The Amazing Readers of Plattsburgh Public Library

A while back, children’s librarian Miss Karen asked me if I’d do an author visit for the Plattsburgh Public Library Summer Reading Program.  I was planning to read SEA MONSTER’S FIRST DAY and OVER AND UNDER THE SNOW with the younger kids & show a presentation on research & writing for the older ones. I was imagining a dozen or so kids…so when Miss Karen emailed before the event to tell me she was expecting closer to a hundred people, my plan needed to change just a bit.

I fired off an “urgent – help!!” email to my editor & publicist at Chronicle Books, and within the hour, a digital copy of SEA MONSTER’S FIRST DAY landed in my in-box so that I could project the illustrations for the larger crowd.  (Sending hugs to Melissa & Lea right now!!)  And it was a good thing – SEA MONSTER’S FIRST DAY is a good-sized picture book, but it still would have been tough to see from the back of the room!

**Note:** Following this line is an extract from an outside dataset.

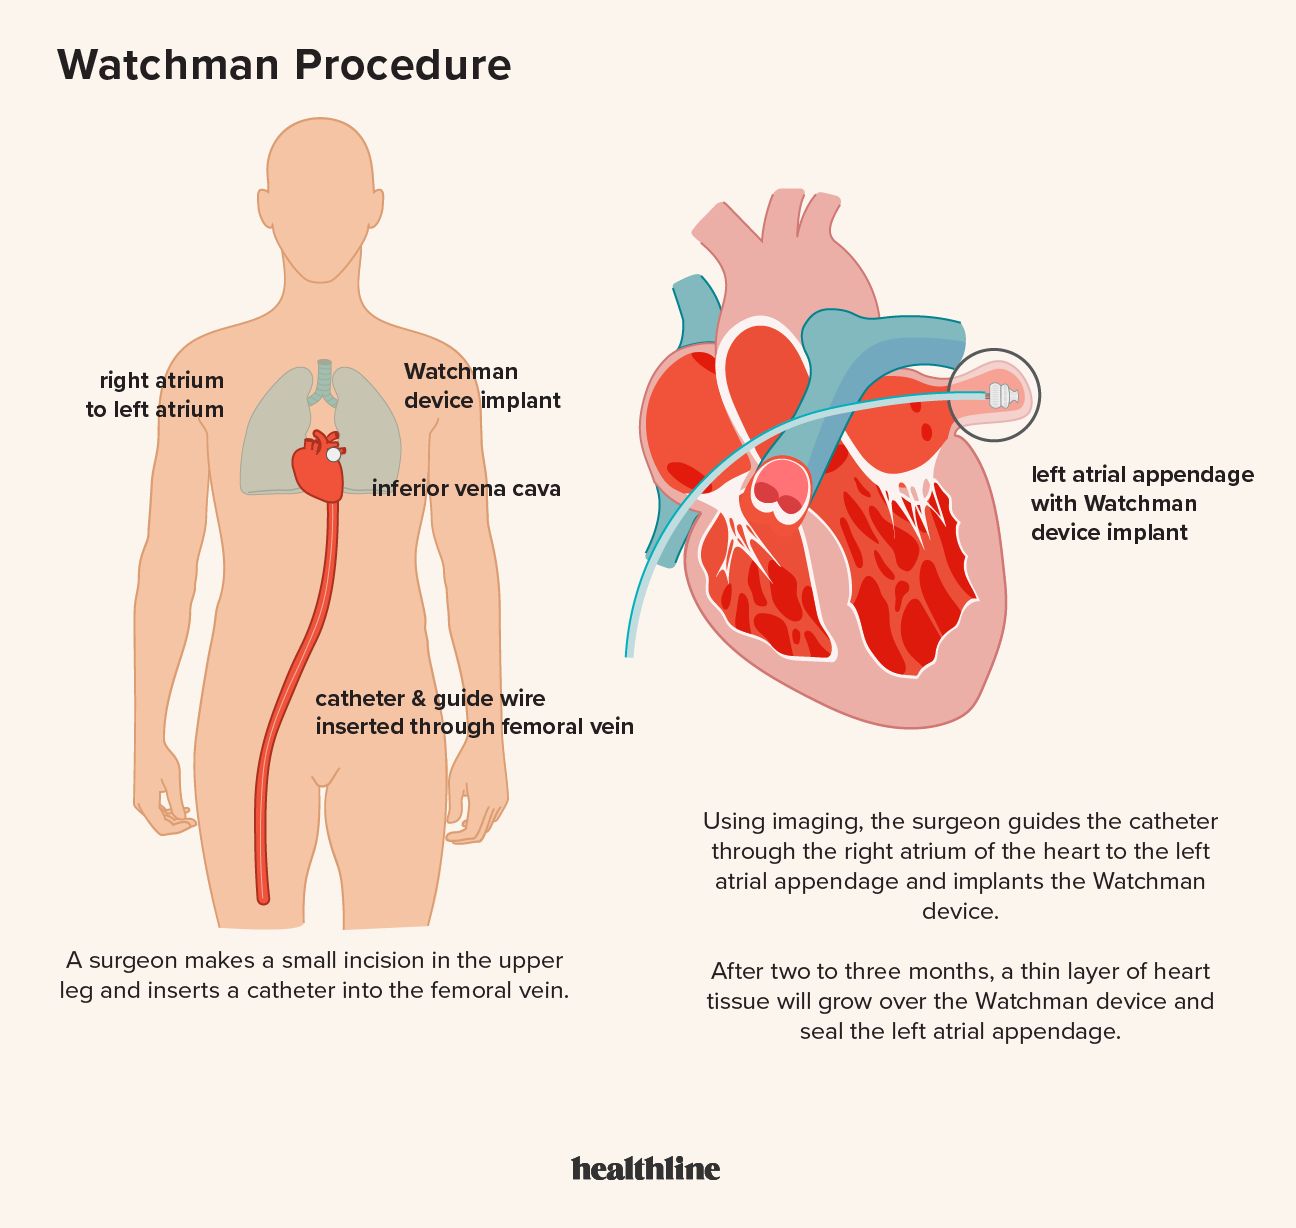 رسم توضيحي يوضح كيفية زرع جهاز Watchman

The group spanned all ages, from Pre-K up to middle school, so I shared a little about all of my books – novels for the older readers, chapter books for the earlier elementary school kids, and picture books for the little ones (though I’m not little, and I will always love picture books!)

With OVER AND UNDER THE SNOW coming out soon (in October!) I finally had a chance to play with the animal puppets I bought, way back when I first sold this book in 2008. I showed the kids some pictures of the winter woods in the Adirondacks that inspired me to write this book, and we talked about which animals might want to hide under the snow (to avoid becoming another animal’s dinner!) and which would probably be hunting over the snow, looking for prey.

I…umm…really like playing with puppets. Can you tell?

After my presentation, some families needed to leave, but others still had lots of questions, so we settled ourselves on the floor in a smaller circle to talk about books and writing.

I enjoyed answering questions, and I especially loved hearing about what these young writers were working on themselves — stories about girls who changed into butterflies and back again, about dancers and dragons.  One young man told me about his book called GREEN HAM AND EGGS. “It’s inspired by Dr. Seuss,” he said, “but I changed it around.”

With these young readers & writers coming up, I think the future of publishing is in very good hands, indeed.  Thanks, Miss Karen and Friends of the Plattsburgh Library, and most of all, the readers who came out to celebrate books on a sunny summer day. I had a great afternoon with all of you!